Que désigne exactement un trouble bipolaire?

Un trouble bipolaire est un trouble de l'humeur caractérisé par la survenue d'épisodes thymiques, notamment maniaques ou hypomaniaques et dépressifs, avec des périodes d'évolution variables. Il ne correspond pas au fait d'être indécis, lunatique ou changeant au cours d'une même journée. Les épisodes se distinguent des fluctuations ordinaires par leur intensité, leur durée, leurs conséquences et l'ensemble des symptômes associés.

Un épisode maniaque peut notamment associer une humeur anormalement élevée ou irritable, une augmentation marquée de l'énergie, un besoin de sommeil réduit, une accélération des idées, une parole abondante et des conduites à risque. L'hypomanie présente des caractéristiques proches mais moins sévères et sans altération fonctionnelle aussi profonde que la manie. Un épisode dépressif peut comprendre tristesse persistante, perte d'intérêt, fatigue, troubles du sommeil, difficultés de concentration, sentiment de dévalorisation ou pensées de mort.

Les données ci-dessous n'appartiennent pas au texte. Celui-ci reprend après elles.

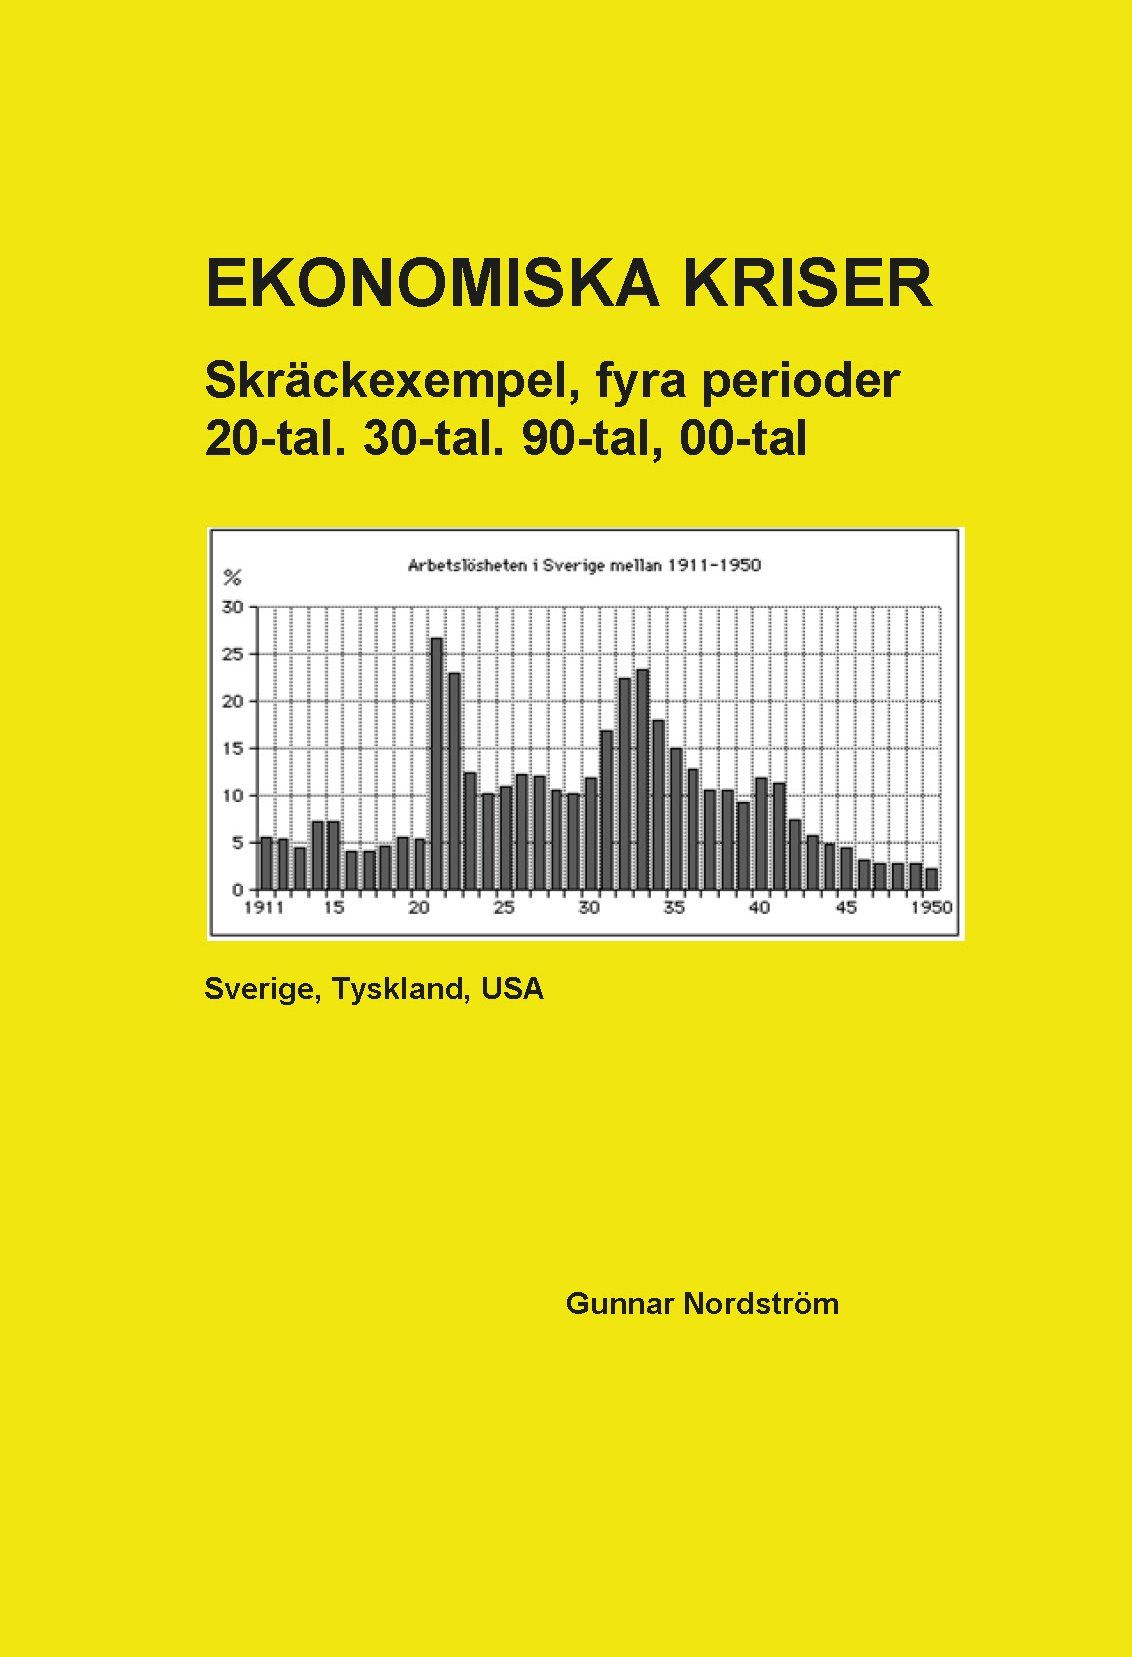 Ekonomiska kriser, e-bok av Gunnar Nordström

La présentation n'est pas identique chez toutes les personnes. Des caractéristiques mixtes peuvent réunir des signes appartenant à des pôles différents. La fréquence des épisodes, les intervalles de stabilité et l'impact sur la vie quotidienne varient également. Seul un professionnel qualifié peut évaluer la situation, rechercher d'autres explications et poser un diagnostic.

Trois distinctions utiles

  • Trouble bipolaire de type I: défini par la survenue d'au moins un épisode maniaque; des épisodes dépressifs peuvent également survenir.
  • Trouble bipolaire de type II: associe des épisodes hypomaniaques et des épisodes dépressifs majeurs, sans épisode maniaque.
  • Trouble cyclothymique: correspond à des fluctuations chroniques comportant des symptômes hypomaniaques et dépressifs qui ne remplissent pas toutes les conditions d'épisodes complets.

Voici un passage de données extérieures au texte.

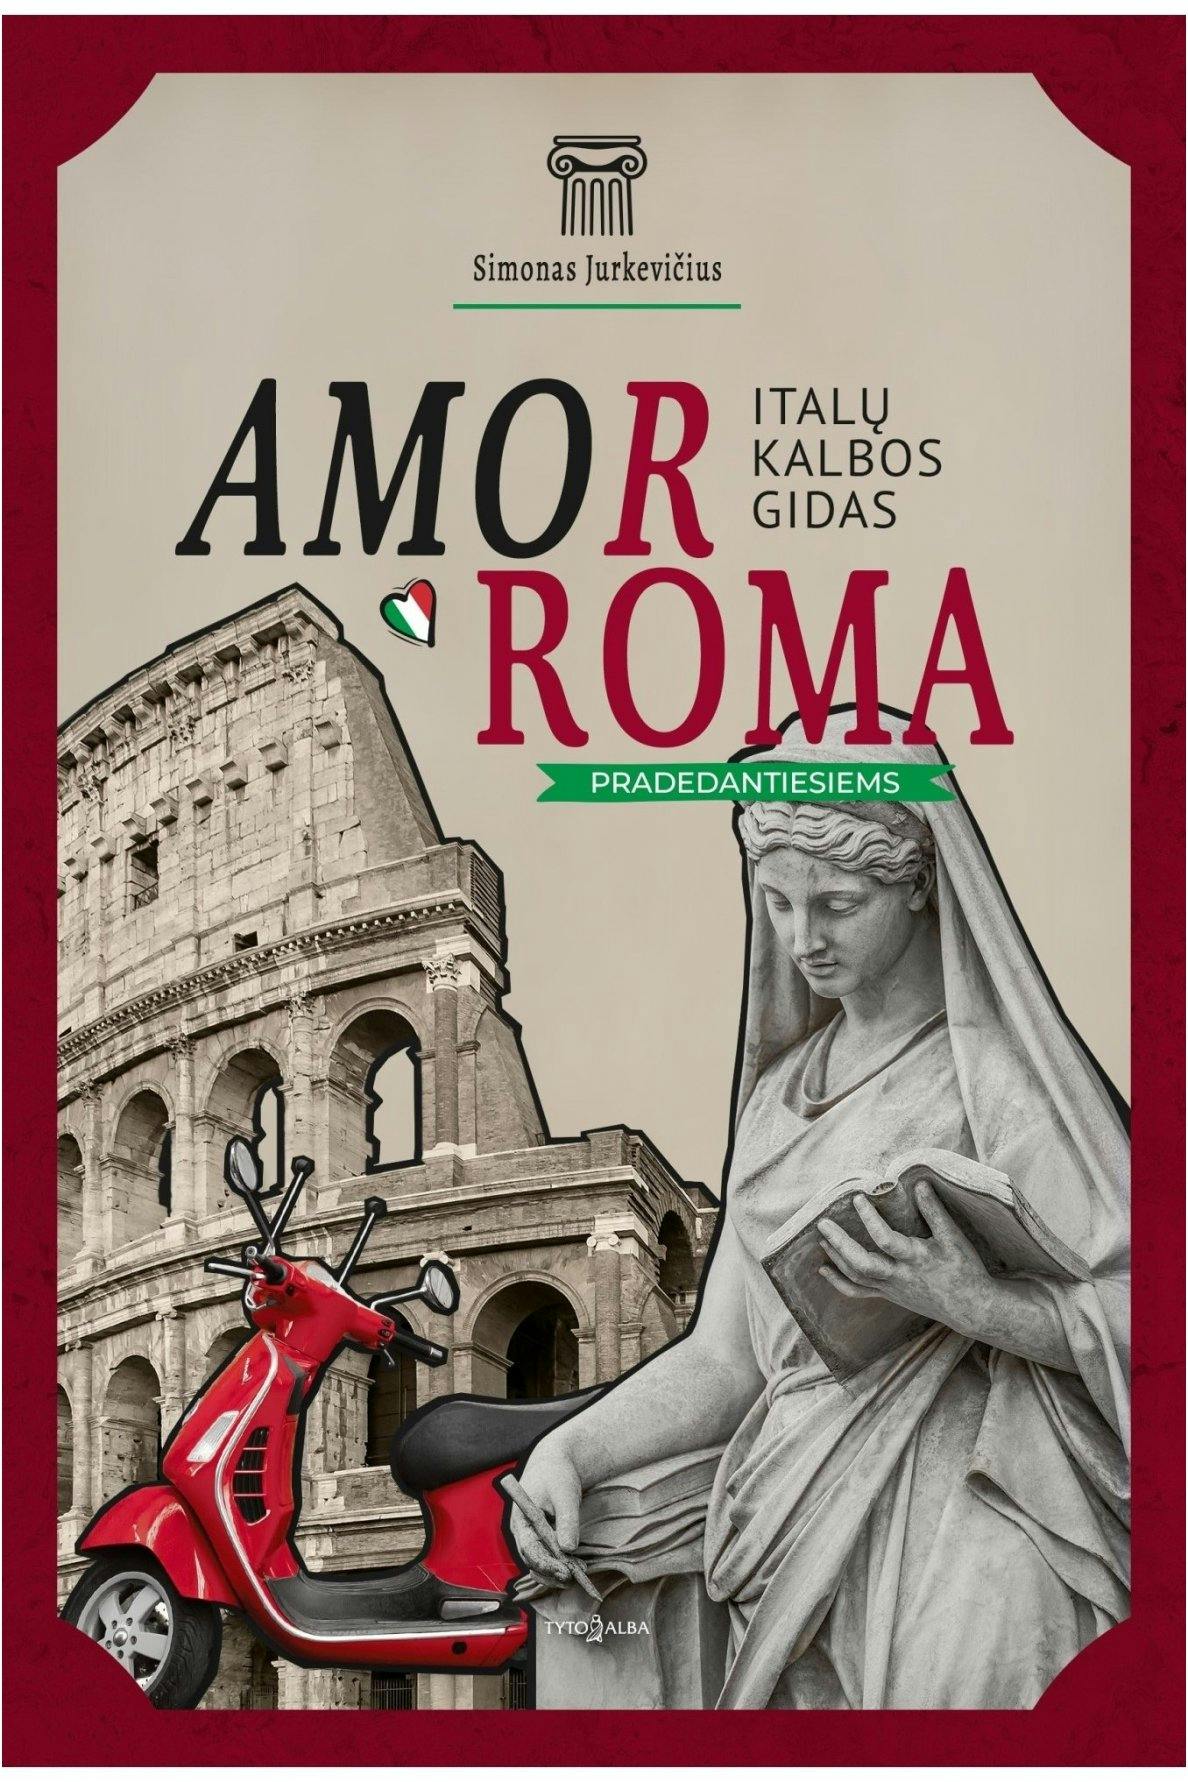 AmorRoma: italų kalbos gidas. Pradedantiesiems

Ces catégories ne constituent pas une échelle allant d'une forme légère à une forme grave. Le type II, par exemple, peut entraîner des épisodes dépressifs sévères. D'autres diagnostics apparentés existent dans les classifications médicales. Les expressions historiques «psychose maniaco-dépressive» ou «maladie maniaco-dépressive» se rencontrent encore dans des textes anciens, mais le vocabulaire contemporain privilégie «trouble bipolaire».

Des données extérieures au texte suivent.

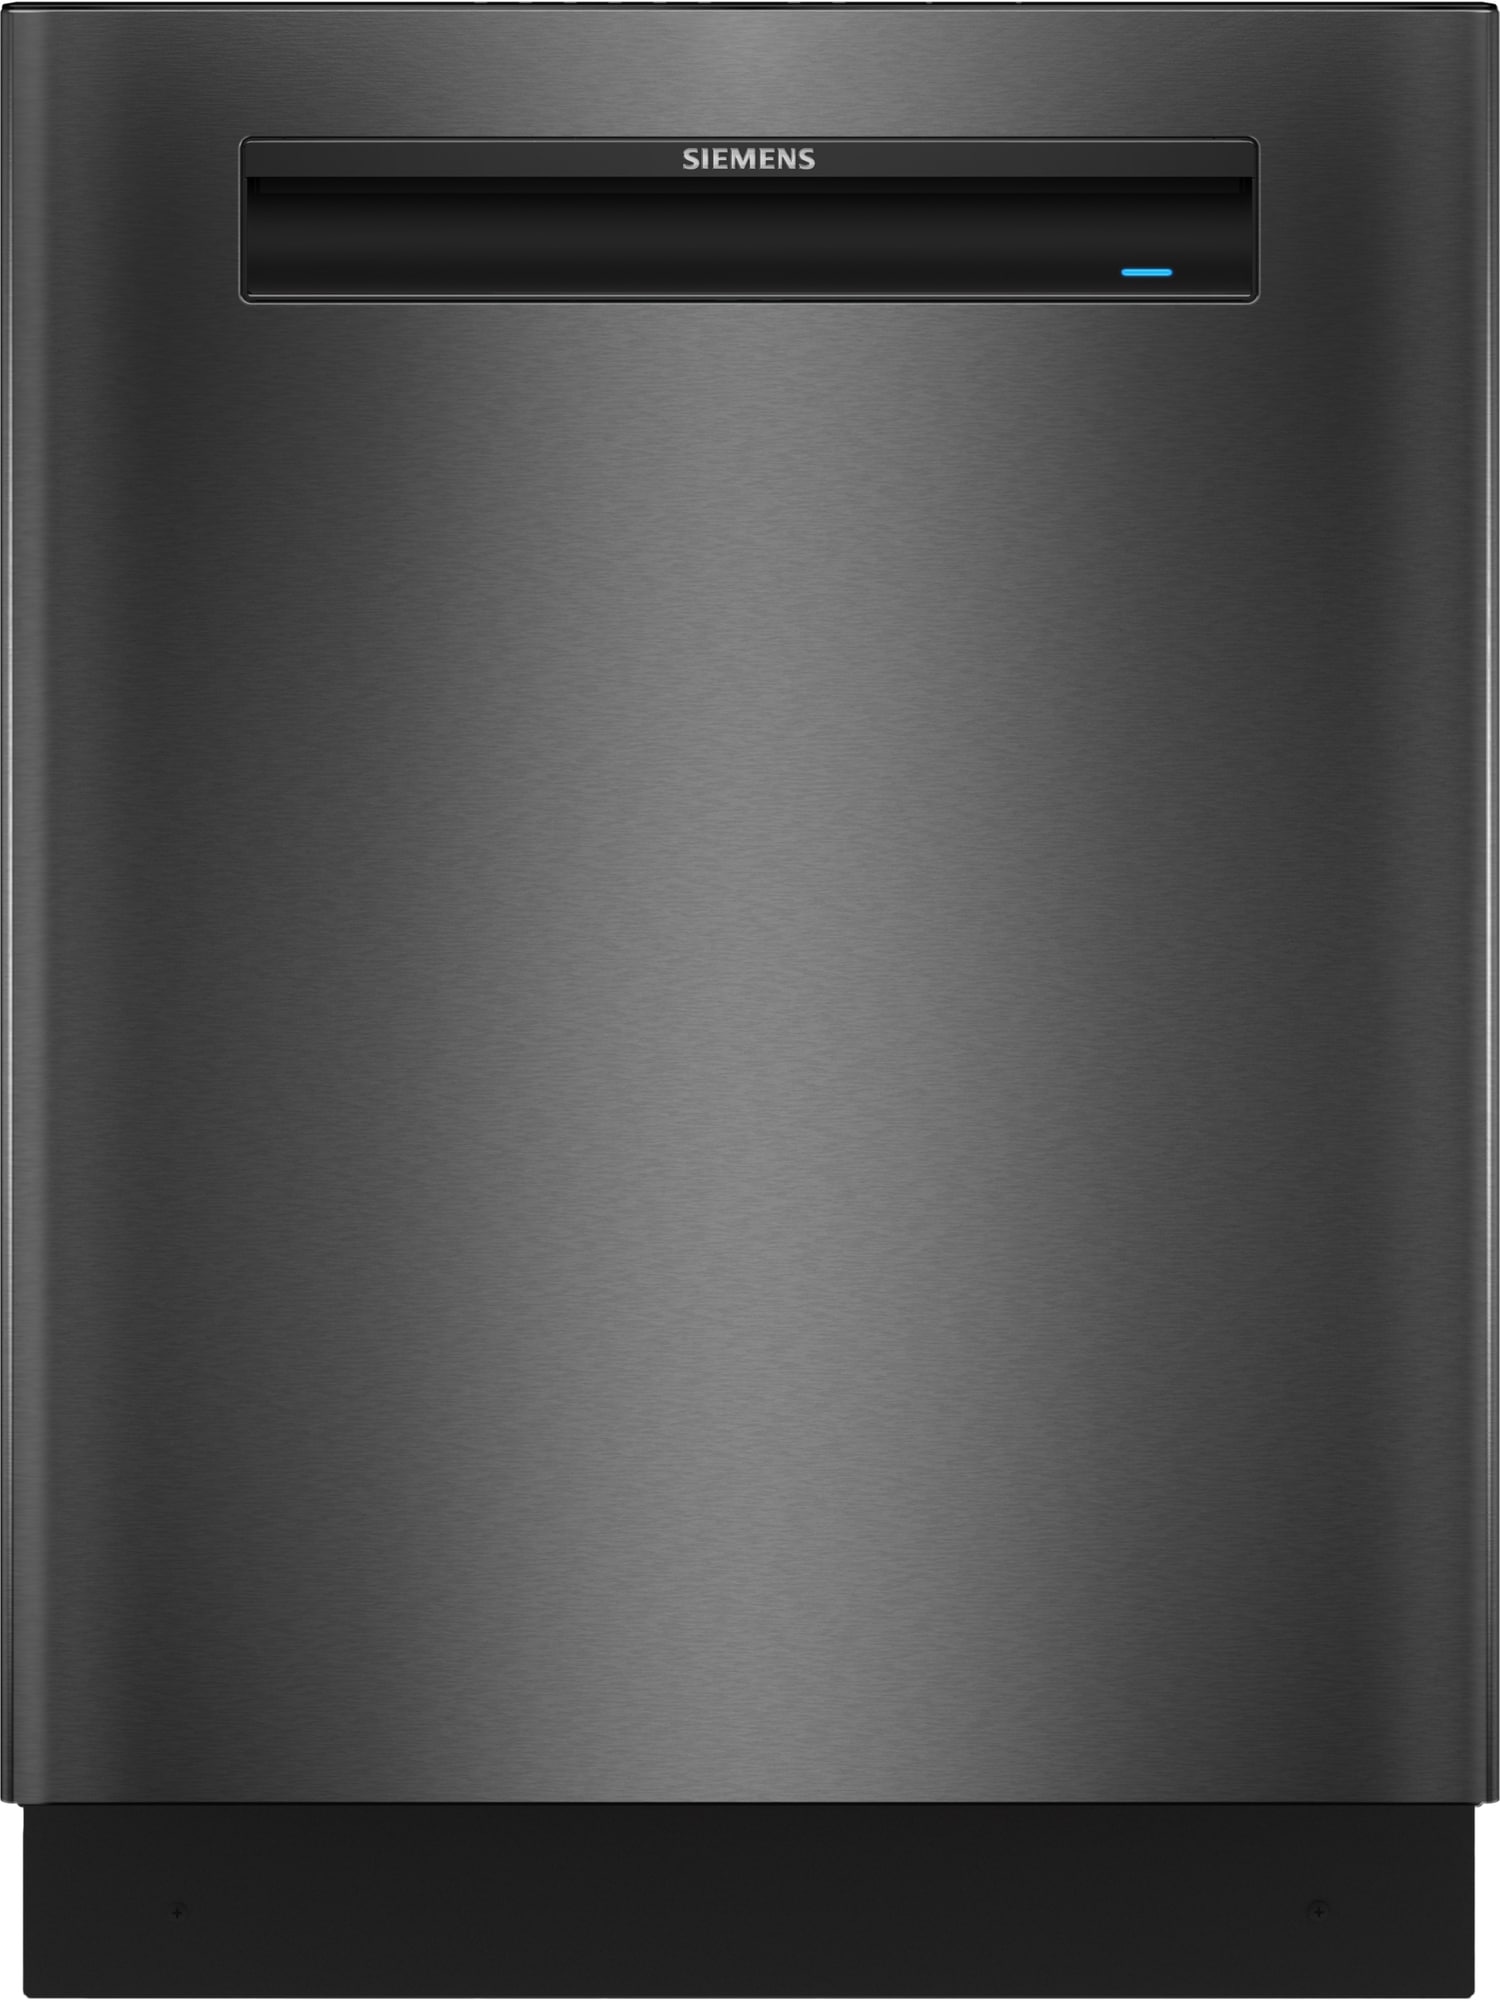 Effektiv og stilfuld opvaskemaskine: Siemens SN13EC78CS, i sort inox.  Perfekt rengøring hver gang.

La sensibilisation au diagnostic ne doit pas faire oublier la sécurité et la qualité des soins, thèmes également portés par la Journée mondiale de la sécurité des patients. Un traitement ne doit pas être commencé, modifié ou interrompu sur la seule base d'un contenu général.

Comment participer sans véhiculer de stéréotypes?

La meilleure participation consiste à diffuser une information vérifiée, écouter sans juger et orienter vers des interlocuteurs compétents lorsque cela est nécessaire. Une action utile peut être modeste: lire une ressource médicale, assister à une rencontre, demander à une association quels sont ses besoins ou corriger calmement une expression stigmatisante.

Voici des idées adaptées à différents contextes:

  • Organiser une discussion animée par un professionnel ou une association compétente.
  • Partager les coordonnées de services de soins et de dispositifs d'écoute reconnus.
  • Inviter une personne concernée uniquement si elle souhaite témoigner et peut fixer ses limites.
  • Prévoir une modération pour les échanges publics portant sur la santé mentale.
  • Créer une sélection de livres, podcasts ou films accompagnés d'un recul critique.
  • Former une équipe aux premiers repères en santé mentale sans lui attribuer un rôle de diagnostic.
  • Rappeler que les besoins d'aménagement au travail ou dans les études sont individuels.
  • Utiliser un langage non stigmatisant dans les affiches, publications et conversations.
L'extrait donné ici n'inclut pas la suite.